A Karachi-based brokerage firm, Topline Securities, said in a client note that declining commodity prices are expected to impact Pakistan’s macroeconomic indicators, including external accounts, the current account, inflation and fiscal accounts.
Last week, Trump imposed significant tariffs on imports from US trading partners. Recession fears, intensified by the trade conflict between the US and China -- the world’s two largest economies -- have led to a substantial decrease in oil prices. The Bloomberg Commodity Index has fallen by 8.0 per cent over the last three trading sessions. Specifically, crude oil prices (Brent) have decreased by 14.3 per cent to $64.2 per barrel, while Richards Bay Coal Futures (April) are down 6.1 per cent to $88.5 per tonne.
“We have run a sensitivity analysis of a decline in oil prices by $10/barrel; this brings down oil-related import bill (including RLNG) to the extent of $2-2.1 billion,” it added.
“In addition to oil, Pakistan can also save $250-300 million annually from coal, LPG, and palm oil if lower levels of prices persist. Oil prices also affect inflation directly, and with a $10/barrel decline in oil, the inflation will be directly impacted by 20 bps [basis points], assuming the benefit is passed on to the consumers,” it added.
Inflation in Pakistan is trending downward, with authorities attributing this decrease to economic stabilisation achieved under the International Monetary Fund (IMF) loan programme. In March, the Consumer Price Index inflation slowed to 0.69 per cent, marking its lowest rate in more than seven years.
The report indicates that textiles, which account for 75 per cent of the country’s total exports of $5 billion to $6 billion, are likely to be affected by the higher US tariffs.

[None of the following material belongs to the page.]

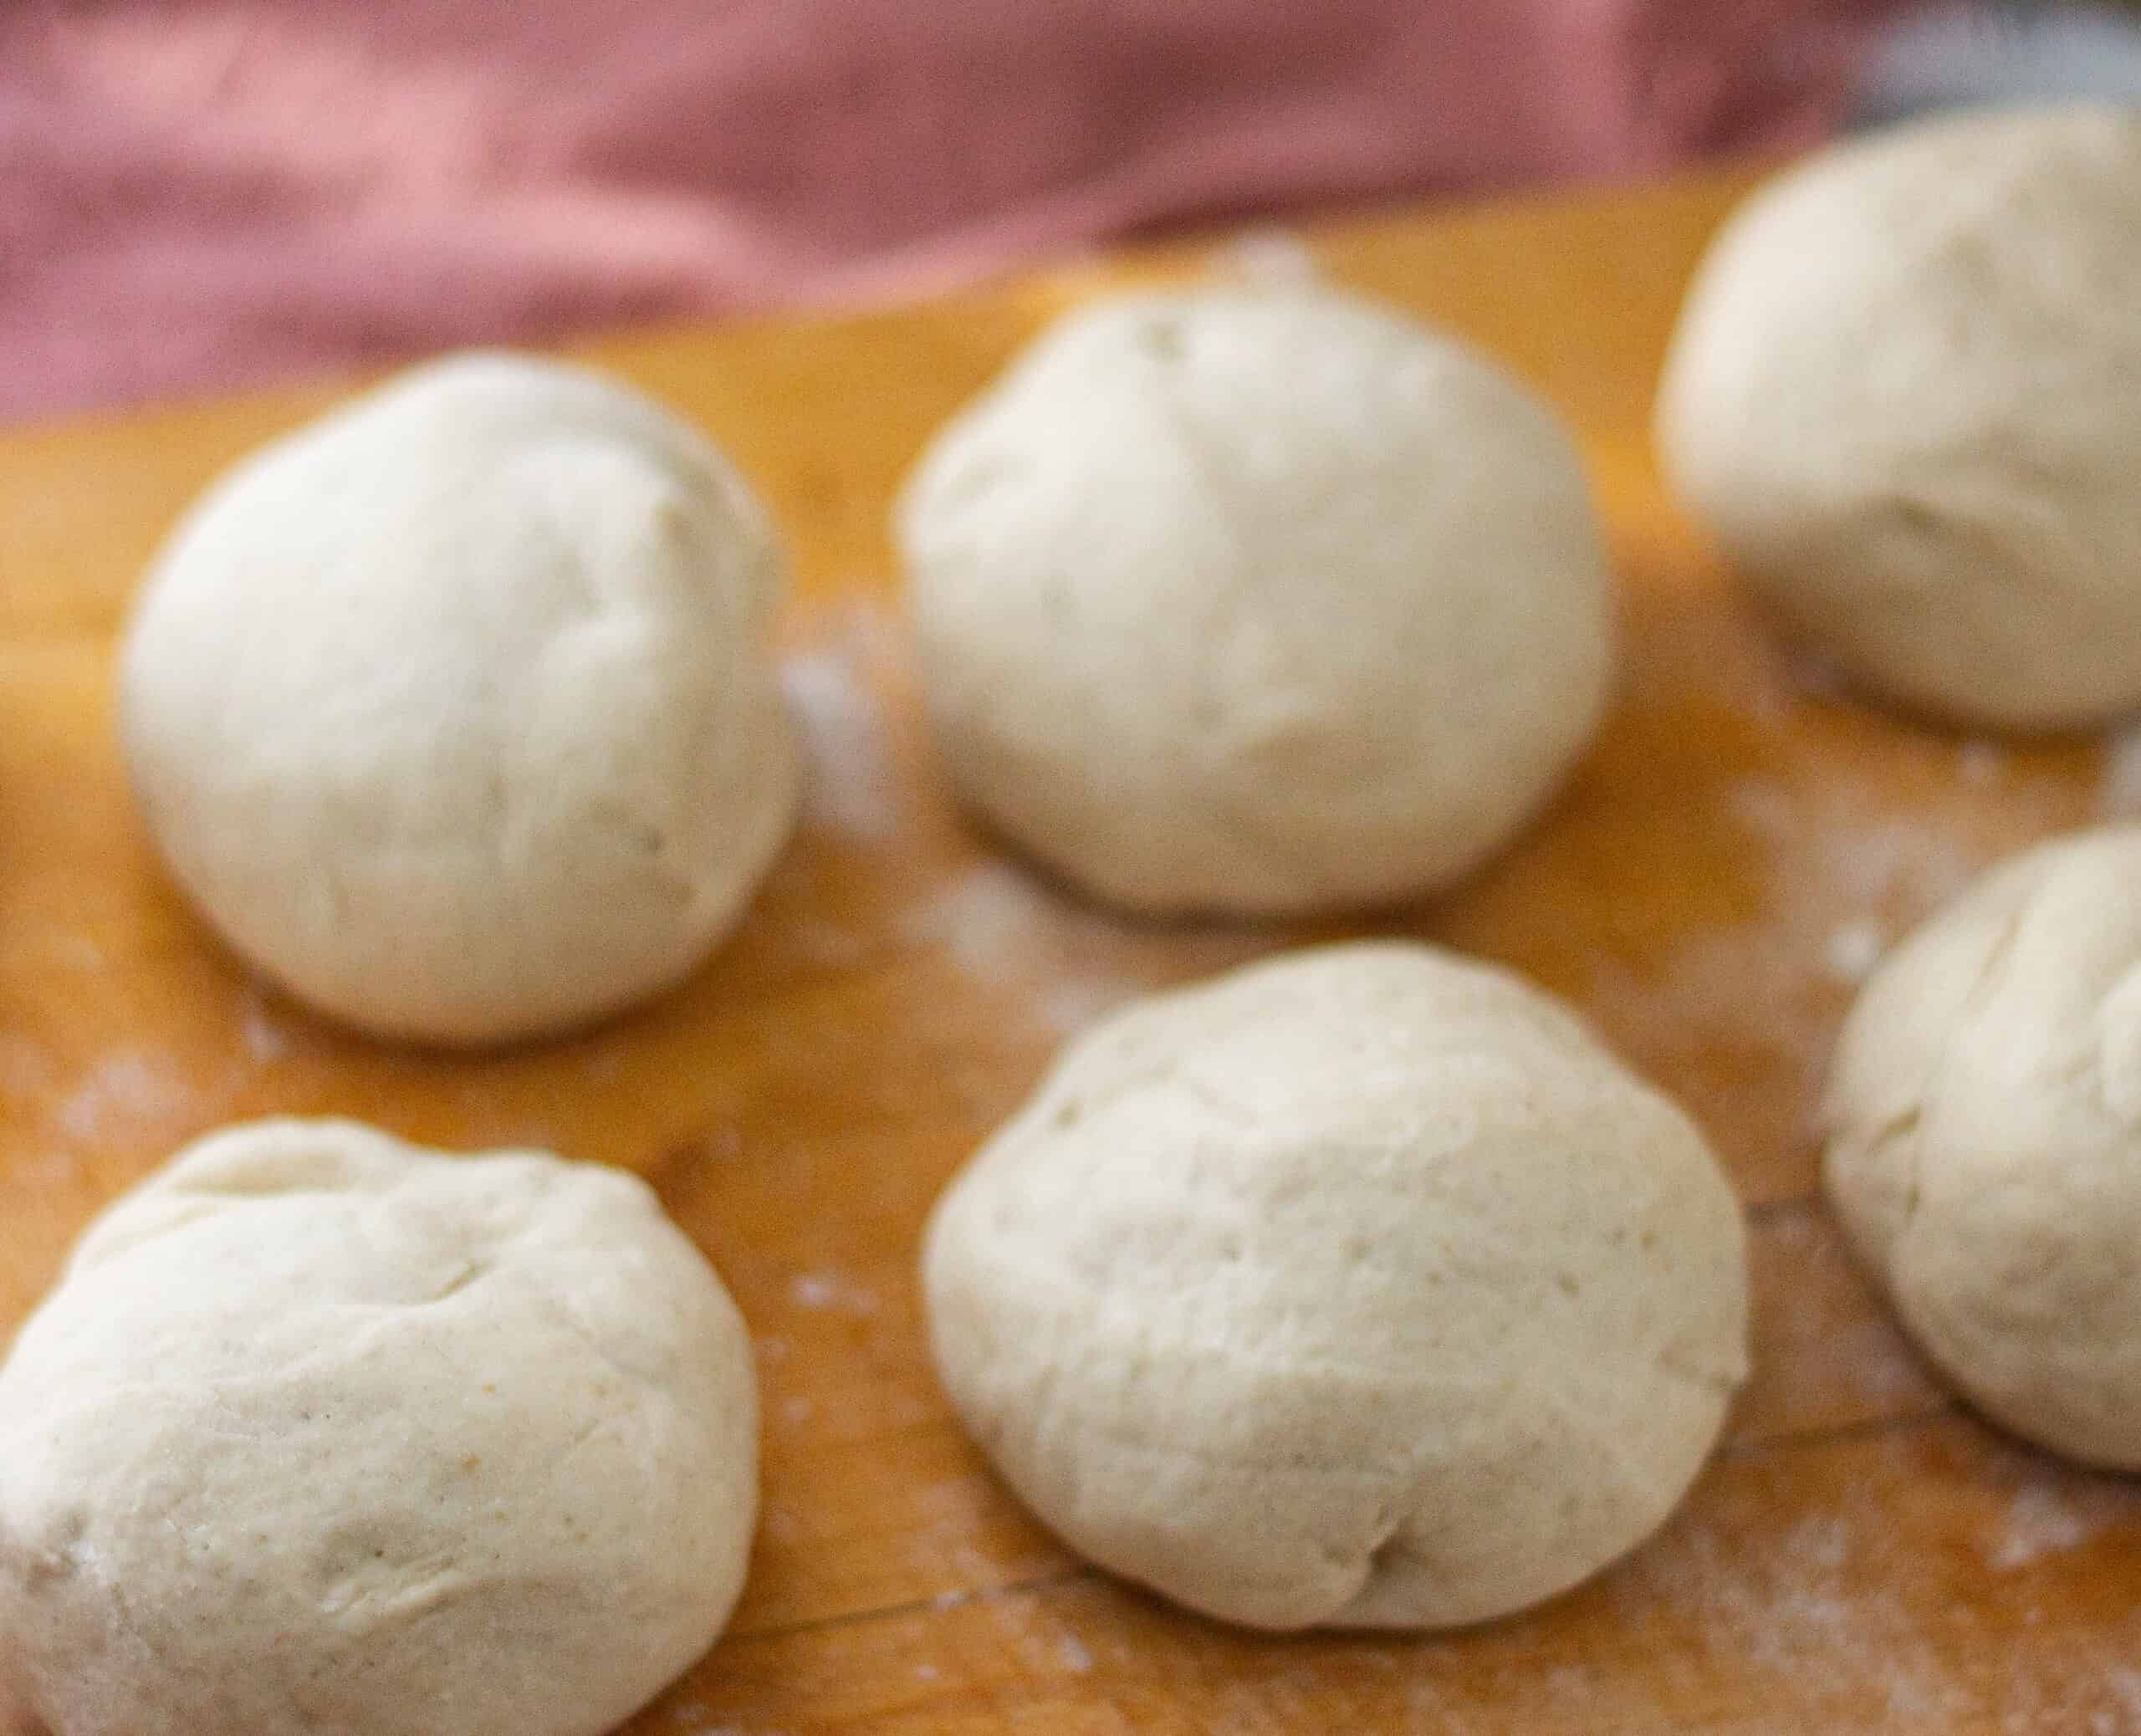 Rolling the dough into balls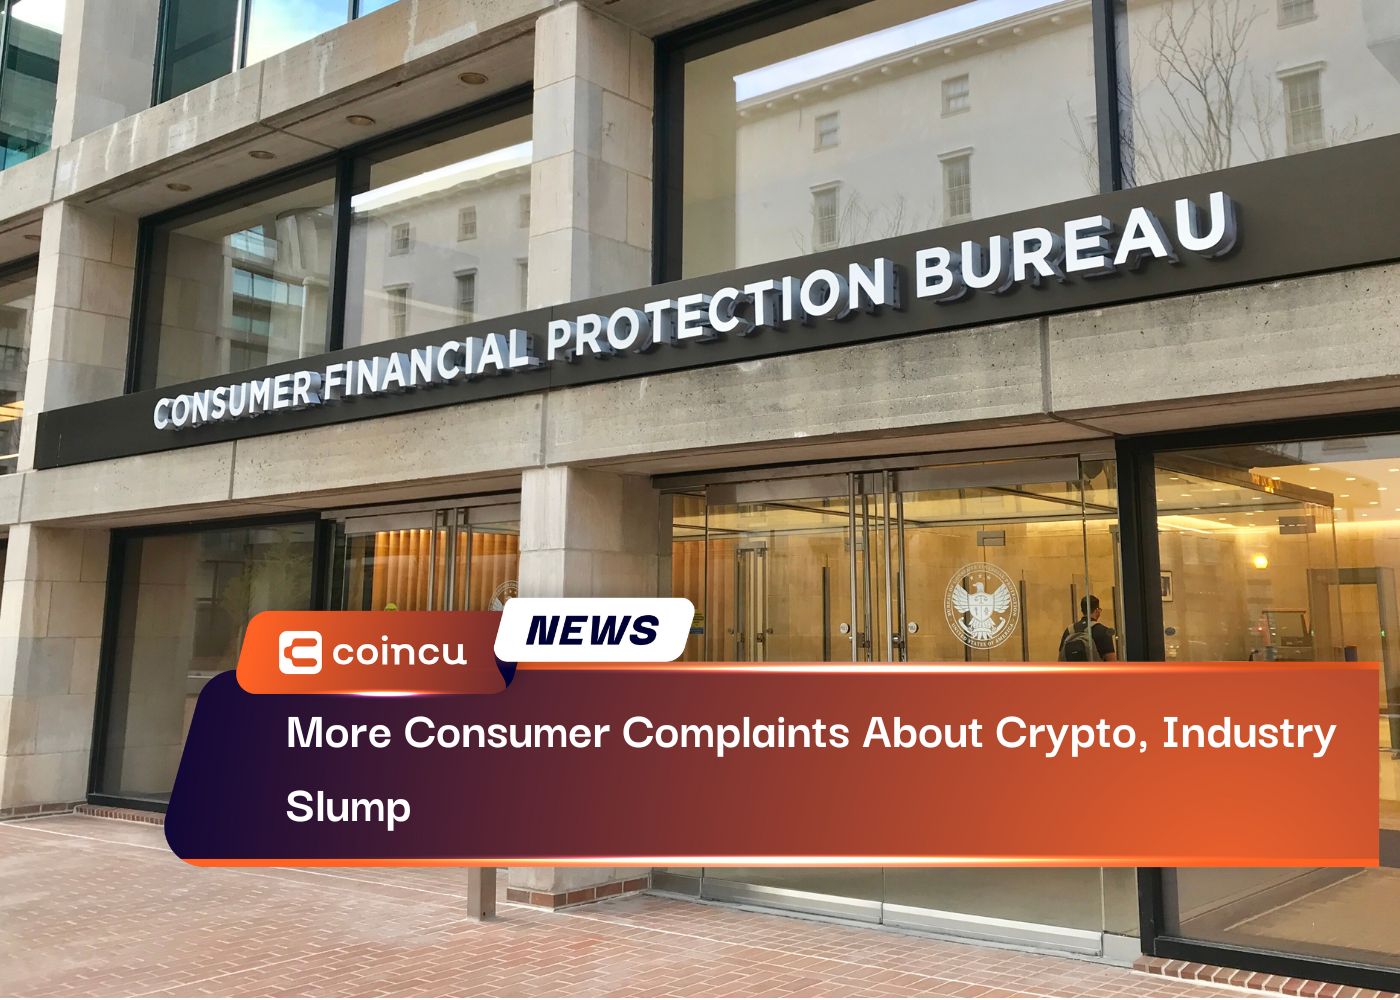 More Consumer Complaints About Crypto, Industry Slump

A decline of 5-10 per cent in textile exports to the US could lead to a reduction in the export bill by $200 million to $450 million.
The report suggests that any potential rating upgrades may be delayed due to global tensions. The uncertainty surrounding global economies, exacerbated by tariffs, could lead rating agencies to adopt a more conservative approach regarding frontier emerging countries like Pakistan.“Rating agencies may also take a view on Pakistan’s external inflow sources, ie, exports, remittances, and debt borrowing, which we believe will be affected.”